We next sought to identify drugs that might target similar gene sets to those we identified with pathogens. Such drugs might represent a therapeutic for multiple pathogens. We performed analogous unbiased experiments and discovered drugs with cationic amphiphilic chemical properties (CADs) had a striking gene overlap (75%) to those we found for pathogens in also centering on sphingolipids and senescence. One notable example CAD we found is fluvoxamine, which is showing promise in multiple COVID-19 trials.
That we found CADs to specifically relate to both pathogens and senescence was interesting in light of senolytics. Senolytics selectively kill pathogenic senescent cells compared with healthy proliferating cells, but it is unclear what their molecular target is that provides this selectivity. Without this rationale, it has been hard to make progress in identifying new senolytics. In this proposal, we hypothesize drugs that possess cationic amphiphilic properties chemically resemble sphingolipids and are a defining class of senolytics. We will test this hypothesis in the following specific aim:
Specific Aim 1: Establish CADs senolytic capabilities across senescence-inducing insults and cell types
Many insults can induce cell senescence, yet their effects can vary by cell type. The same is true for senolytics.
Objective 1: Determine the efficacy of CADs as senolytics in the context of various senescence-inducing insults. In addition to pathogens, we will use commonly used senescence-inducers such as irradiation to determine to what extent each CAD’s senolytic activity is agnostic to the source of the induction or whether different CADs have different inducer specificities.

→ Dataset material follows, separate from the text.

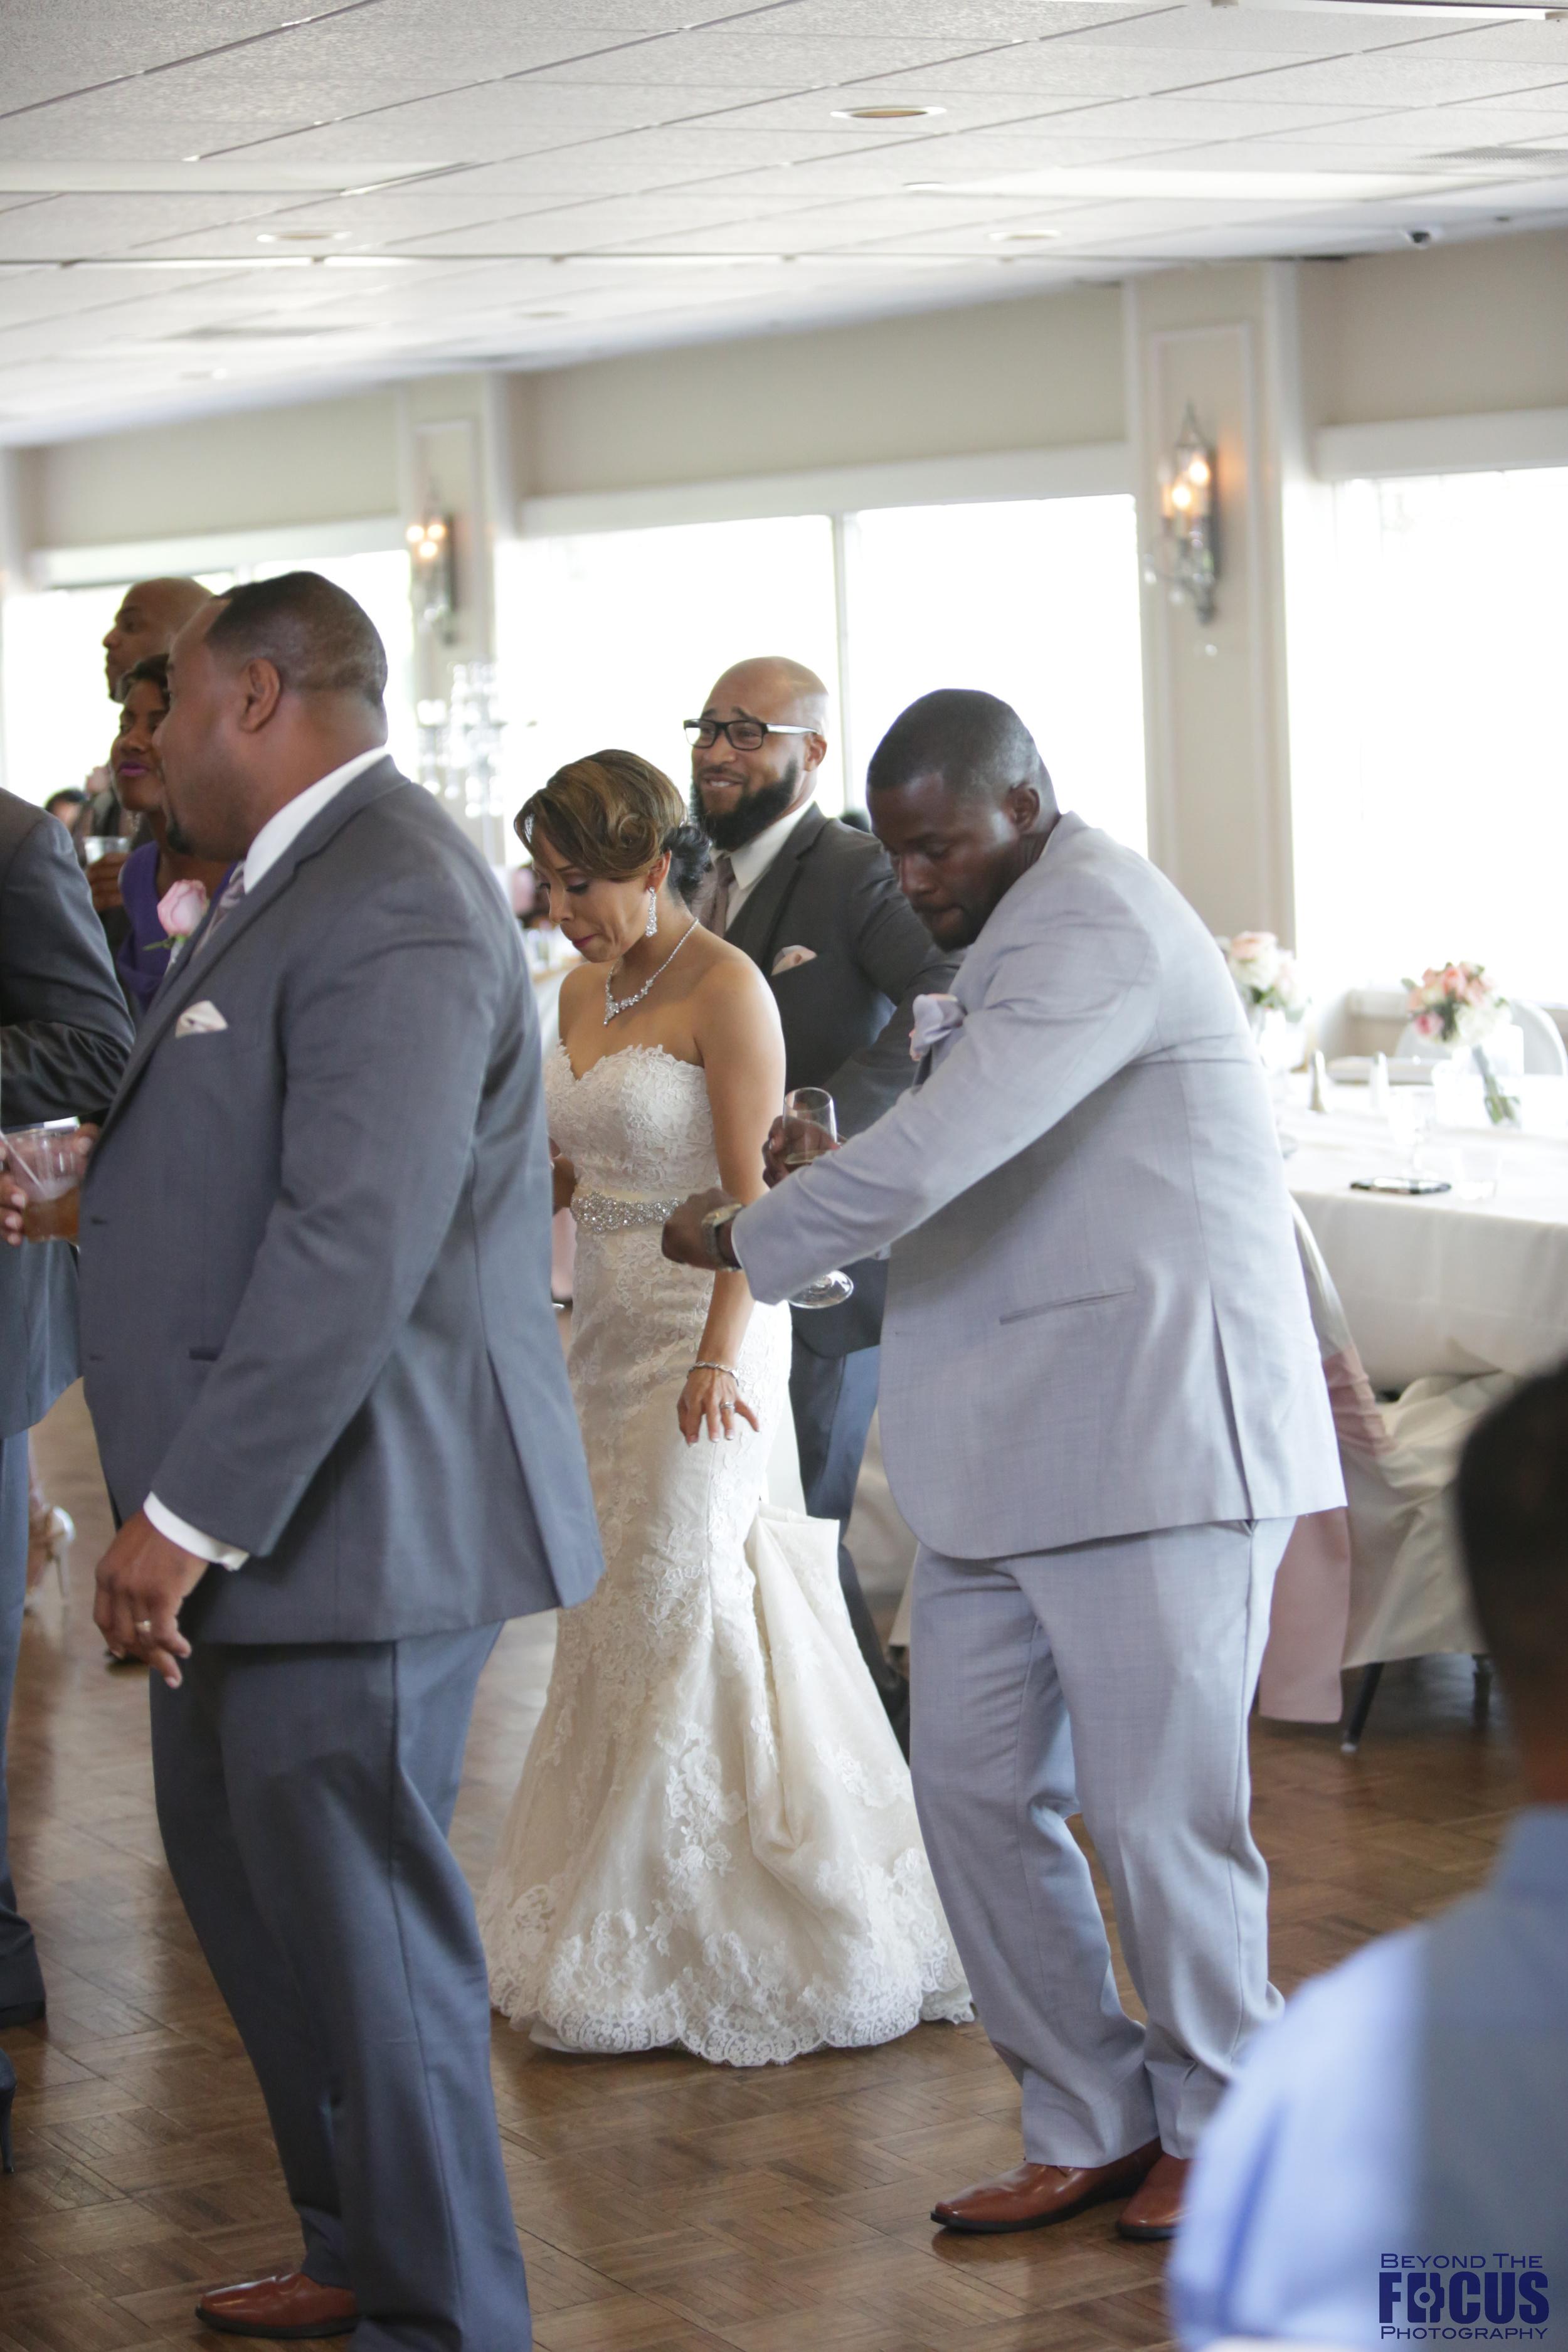 Palmer Wedding - Reception 25.jpg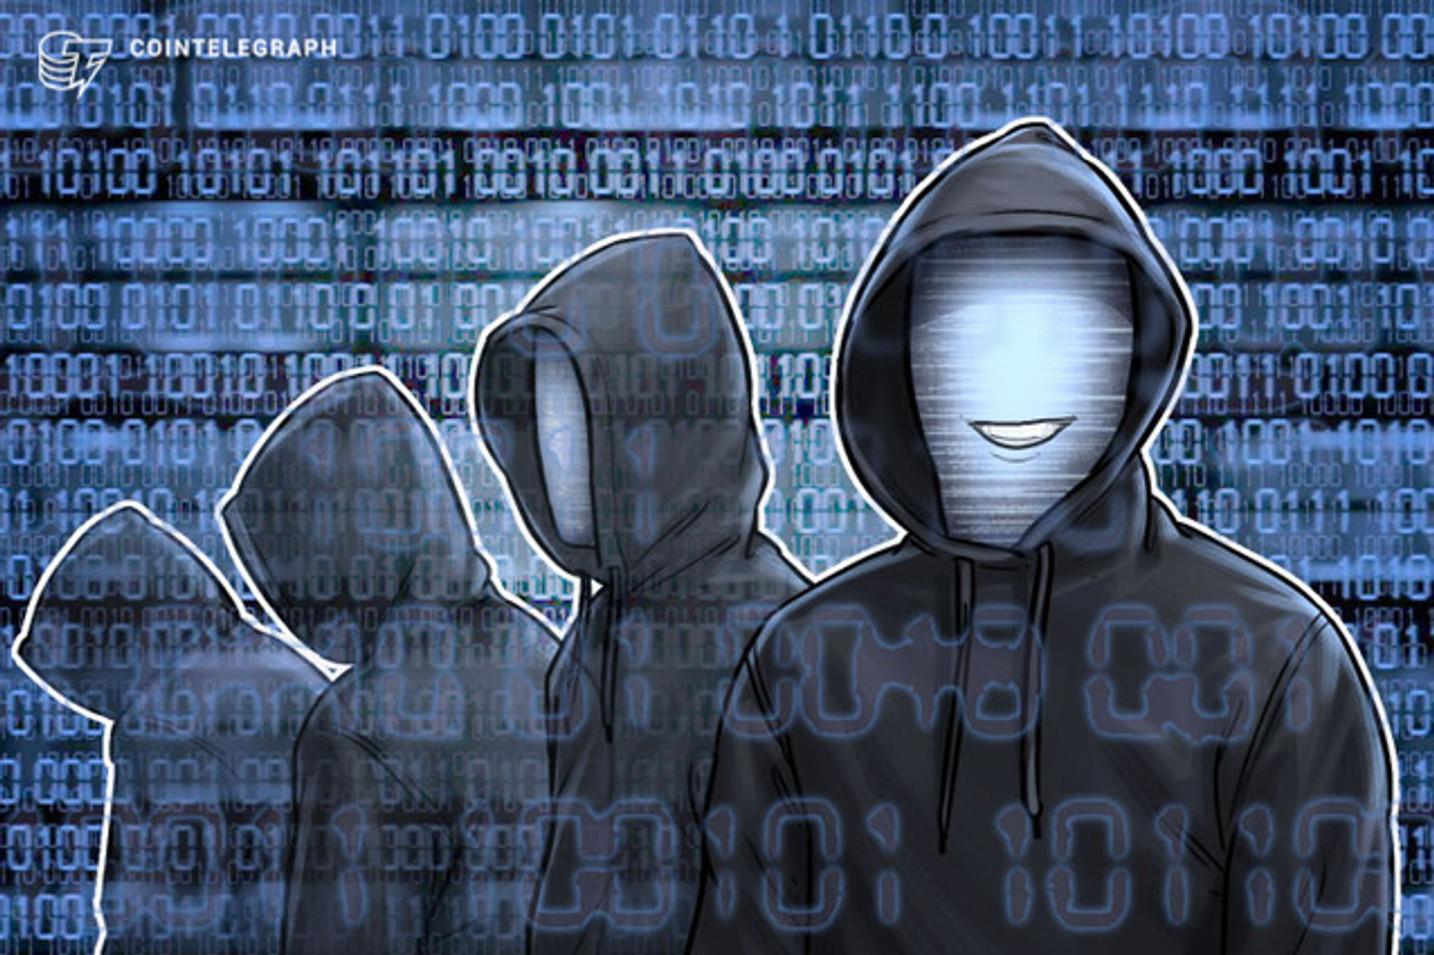 El cibercrimen se ha disparado en América Latina en plena crisis por el COVID-19

Objective 2: Determine the efficacy of CADs as senolytics in various cell types. To maintain feasibility in this objective, we will focus on pathogens as our senescence-inducing insults.
We have preliminary evidence this aim should succeed as expected. We identified several CADs performing as strongly as dasatinib, which notably is also a CAD (Figure 1). Interestingly, many of the CADs we identified are psychiatric medications. This aim is an in vitro aim. Depending on the resources available we would be interested in testing our results in vivo.
Who is the team behind Open Senolytics?
Our team is led by Tim Peterson, Ph.D. and Sandeep Kumar, Ph.D. Dr. Peterson is an Assistant Professor at Washington University School of Medicine in St. Louis in the Departments of Medicine and Genetics. “WashU” is a perennially top five medical school in the U.S. in terms of publishing and funding. Dr. Peterson did his Ph.D. at MIT where he published multiple papers in Nature, Science, and Cell journal on one of the major aging pathways, mTOR, and the drug, rapamycin, that targets it. Dr. Peterson did his postdoctoral fellowship at Harvard University where he continued his work on longevity drug mechanisms focusing on the most commonly used drugs for osteoporosis, bisphosphonates and diabetes, metformin. Dr. Kumar similarly has a deep background in aging research most notably performing several seminal lifespan studies in worms.
Dr. Morten Scheibye-Knudsen at the University of Copenhagen will be assisting us with his AI-driven senescent cell detection algorithms (see below). These algorithms are helpful because they allow us much greater throughput in our experiments. Thus, we can test many more CADs.